Un beau matin, Bocage arriva chez moi préoccupé d’une idée singulière : comme il venait de jouer un homme de trente ans, dans la personne d’Antony, il s’était fourré dans la tête qu’il ferait bien de jouer un vieillard de soixante, peu lui importait lequel. Les vieillards d’Hernani et de Marion Delorme se dressaient devant lui pendant son sommeil, le poursuivaient pendant sa veille : il voulait jouer un vieillard, fût-ce le don Diègue du Cid, le Joad d’Athalie ou le Lusignan de Zaïre.

Il avait trouvé son vieillard en nourrice chez Anicet Bourgeois ; il m’amenait le père nourricier.

Je ne connaissais pas Anicet ; nous fîmes connaissance à ce propos et à cette époque.

Anicet avait écrit le plan de Teresa. Je commençai par mettre de côté le plan écrit, et par prier Anicet de me raconter la pièce. Il y a dans le récit quelque chose de vivant qui appelle la vie. Pour moi, un plan écrit, au contraire, est un cadavre, une chose qui a vécu ; on peut la galvaniser : on ne peut pas la faire revivre.

Il y avait dans le plan d’Anicet la plus grande partie de la pièce telle qu’elle est aujourd’hui. Je sentis du premier coup deux choses dont la seconde me fit passer sur la première : c’est que je ne ferais jamais de Teresa qu’une pièce médiocre, mais que je rendrais un service à Bocage.

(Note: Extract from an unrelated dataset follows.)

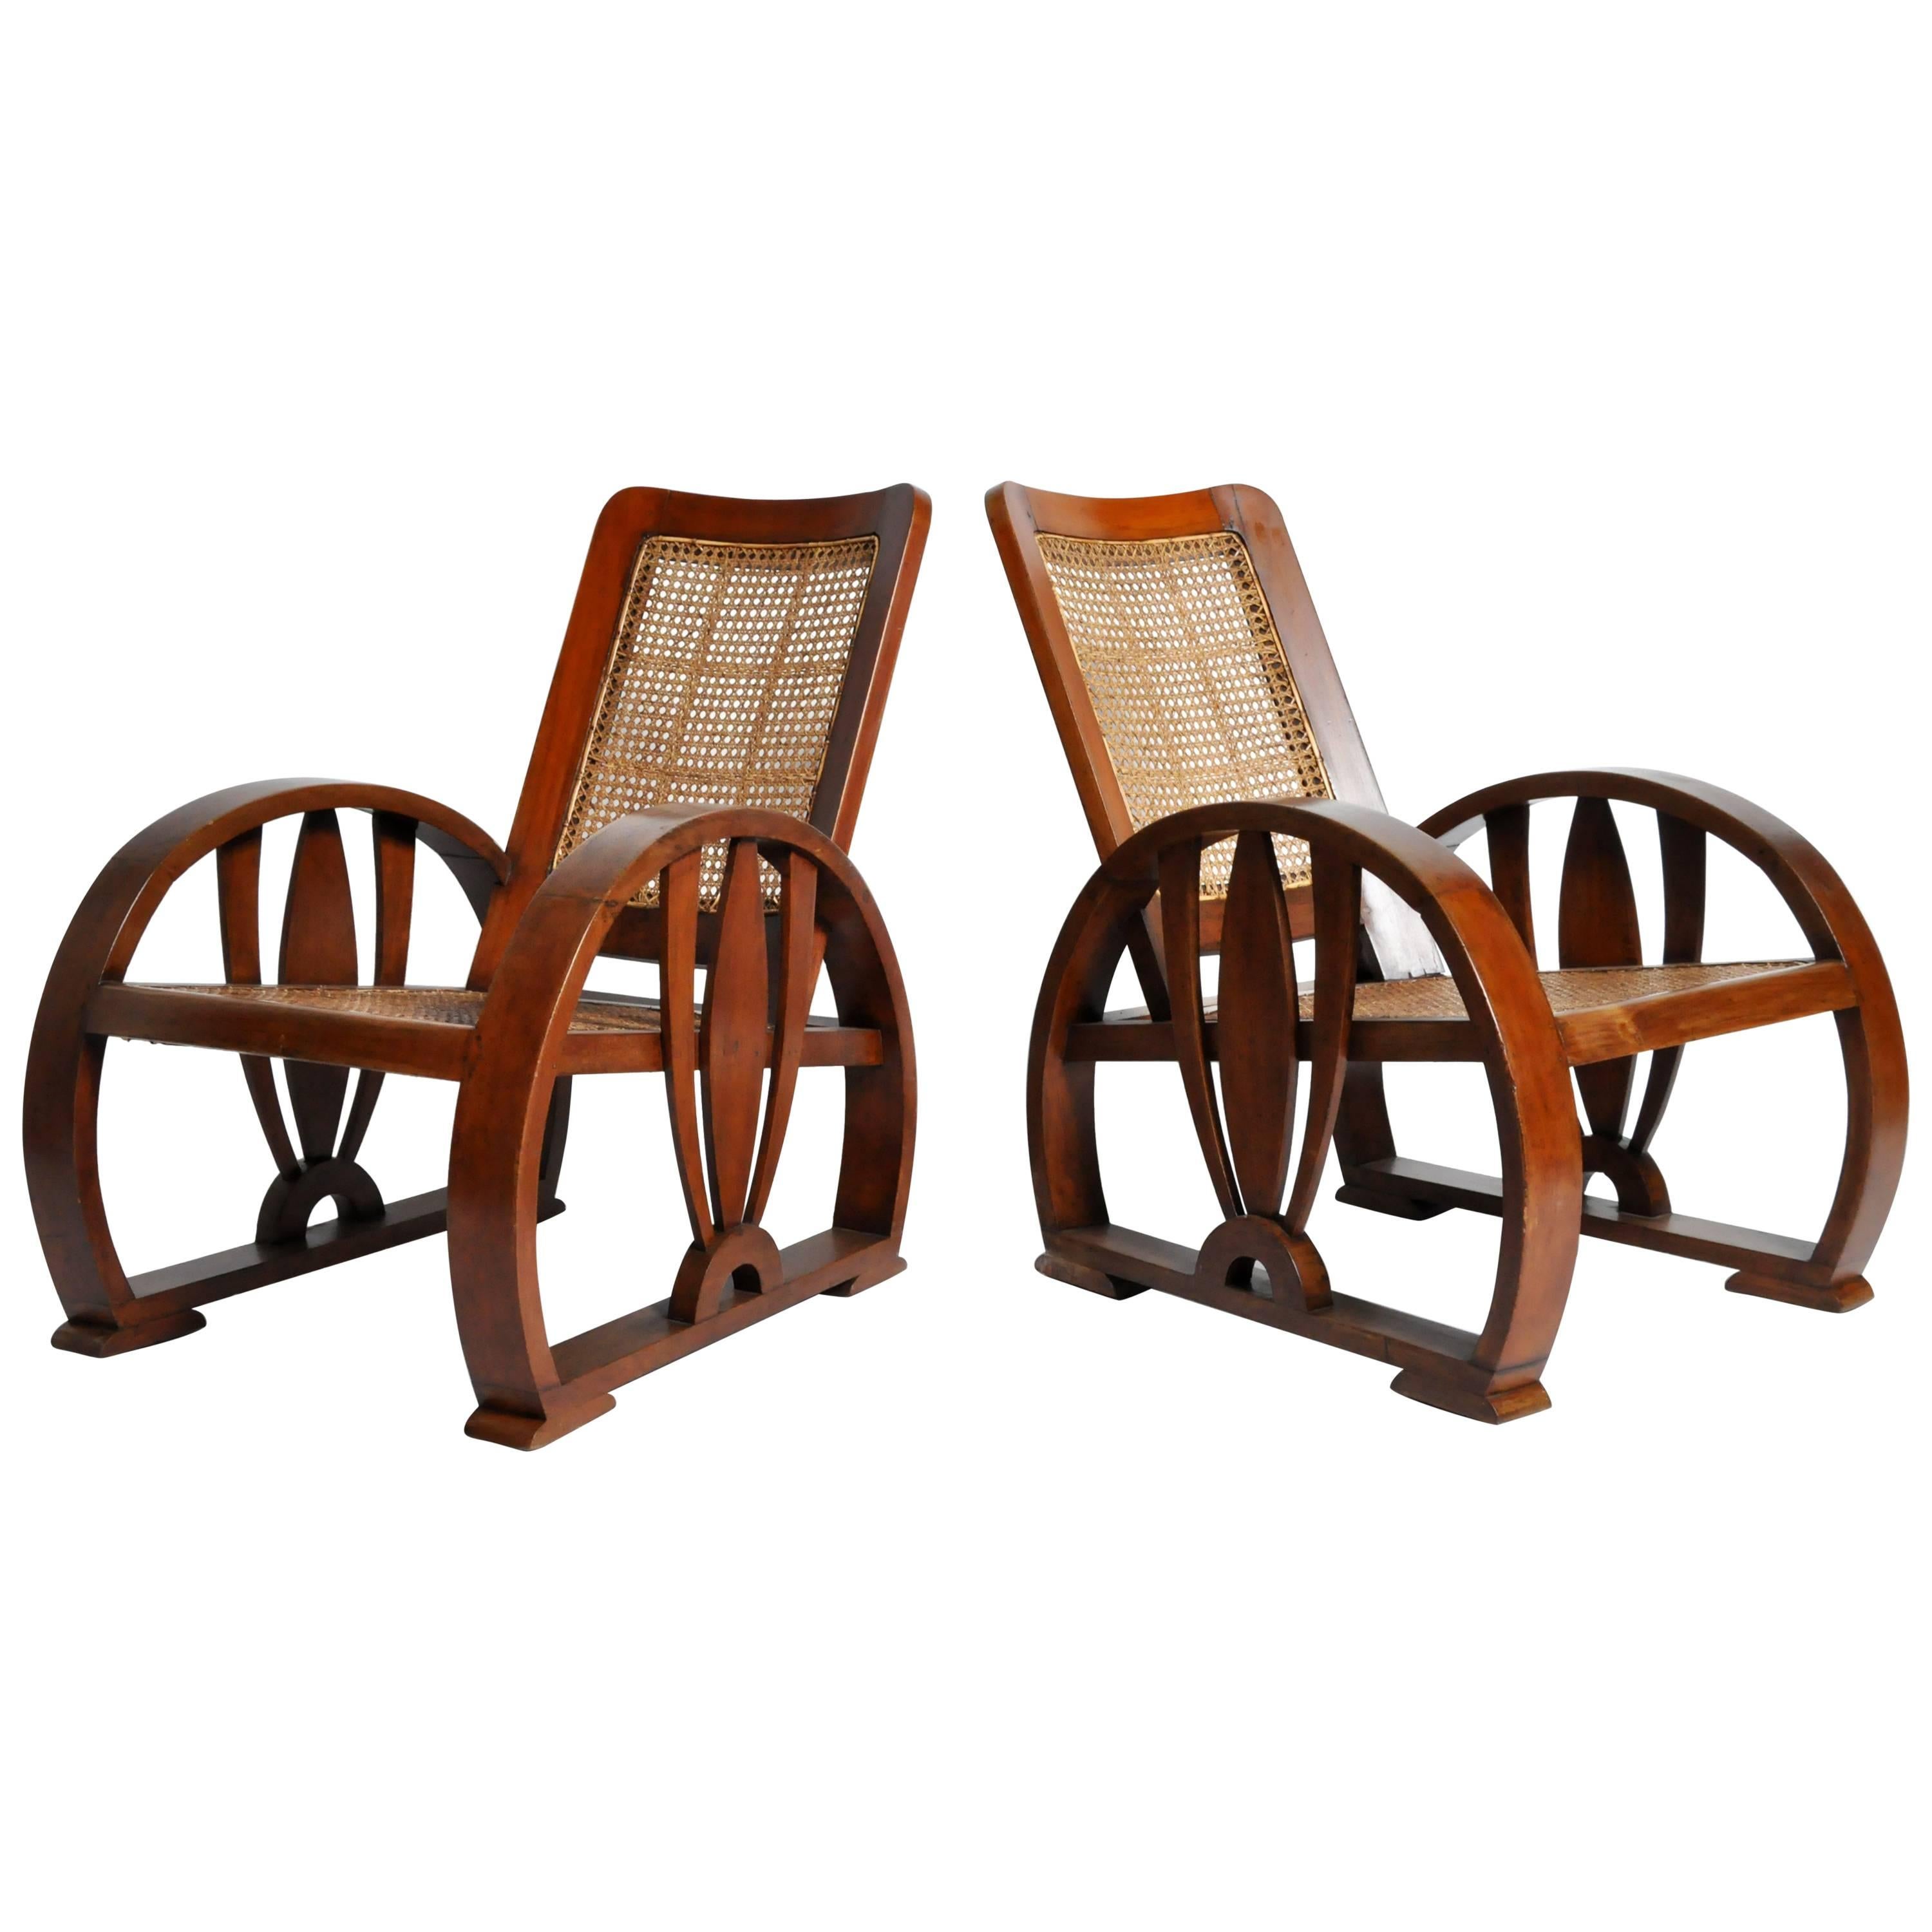 Pair of British Colonial Art Deco Rattan Chairs
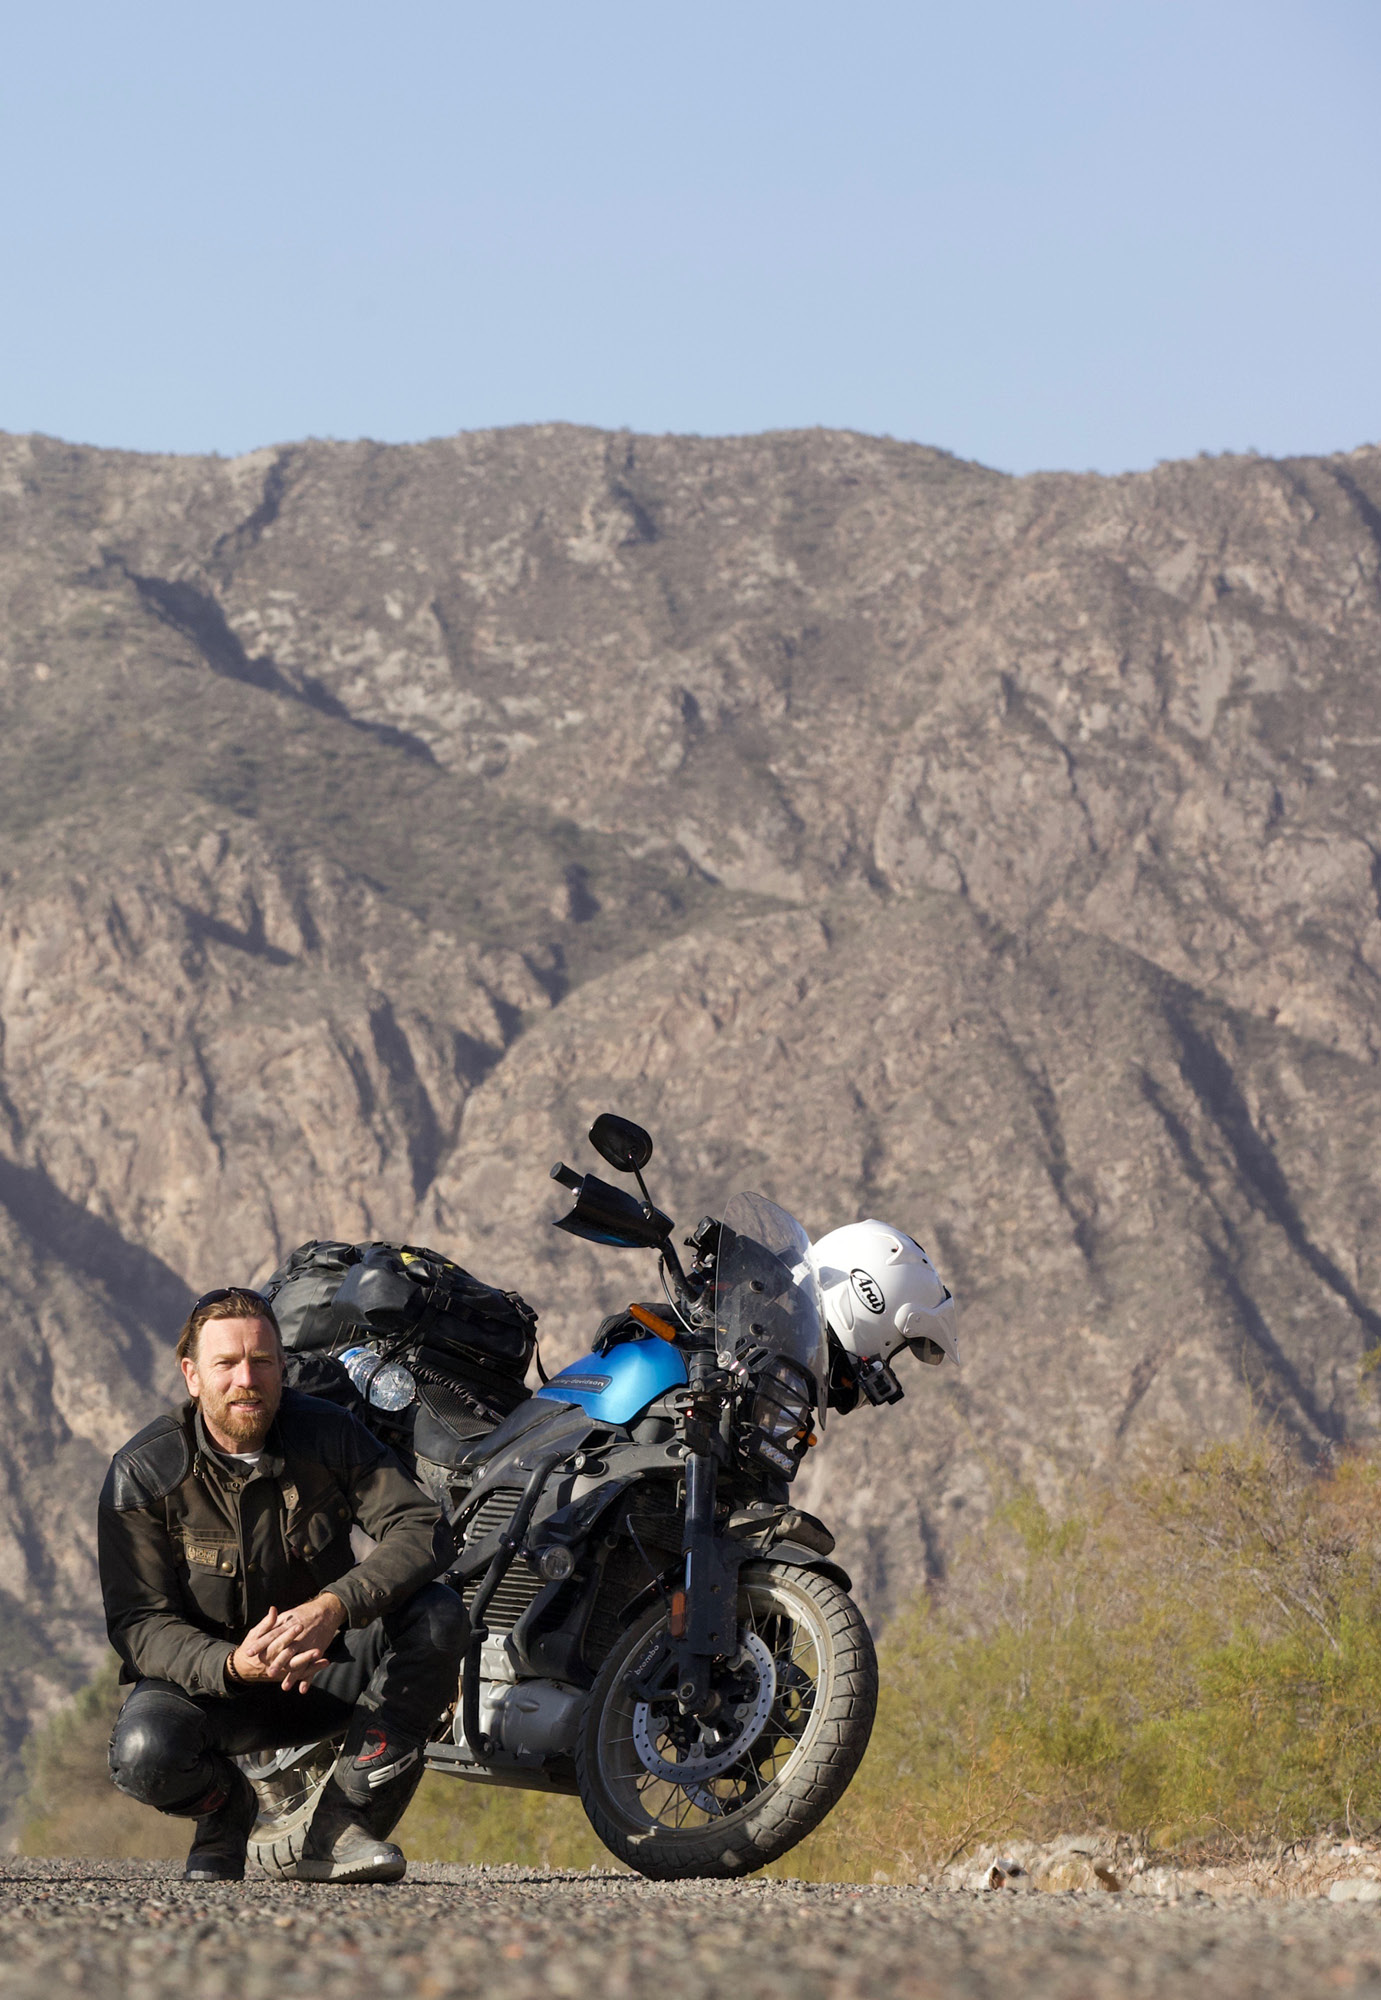 Ewan McGregor has set off on another adventure with Charley Boorman in The Long Way UpEwan McGregor has set off on another adventure with Charley Boorman in The Long Way Up

Et voici comment je rendrais ce service à Bocage :

Harel, ainsi que nous l’avons dit, était passé de la direction de l’Odéon à la direction du théâtre de la Porte-Saint-Martin. Il avait Frédérick, Lockroy, Ligier : Bocage lui était inutile.

Il avait donc rompu avec Bocage. Par suite de cette rupture. Bocage se trouvait libre.

Pour un artiste, la liberté n’est pas toujours un présent des dieux. Bocage tenait à garder cette liberté le moins longtemps possible, et, grâce à un drame de moi, il espérait la perdre bientôt.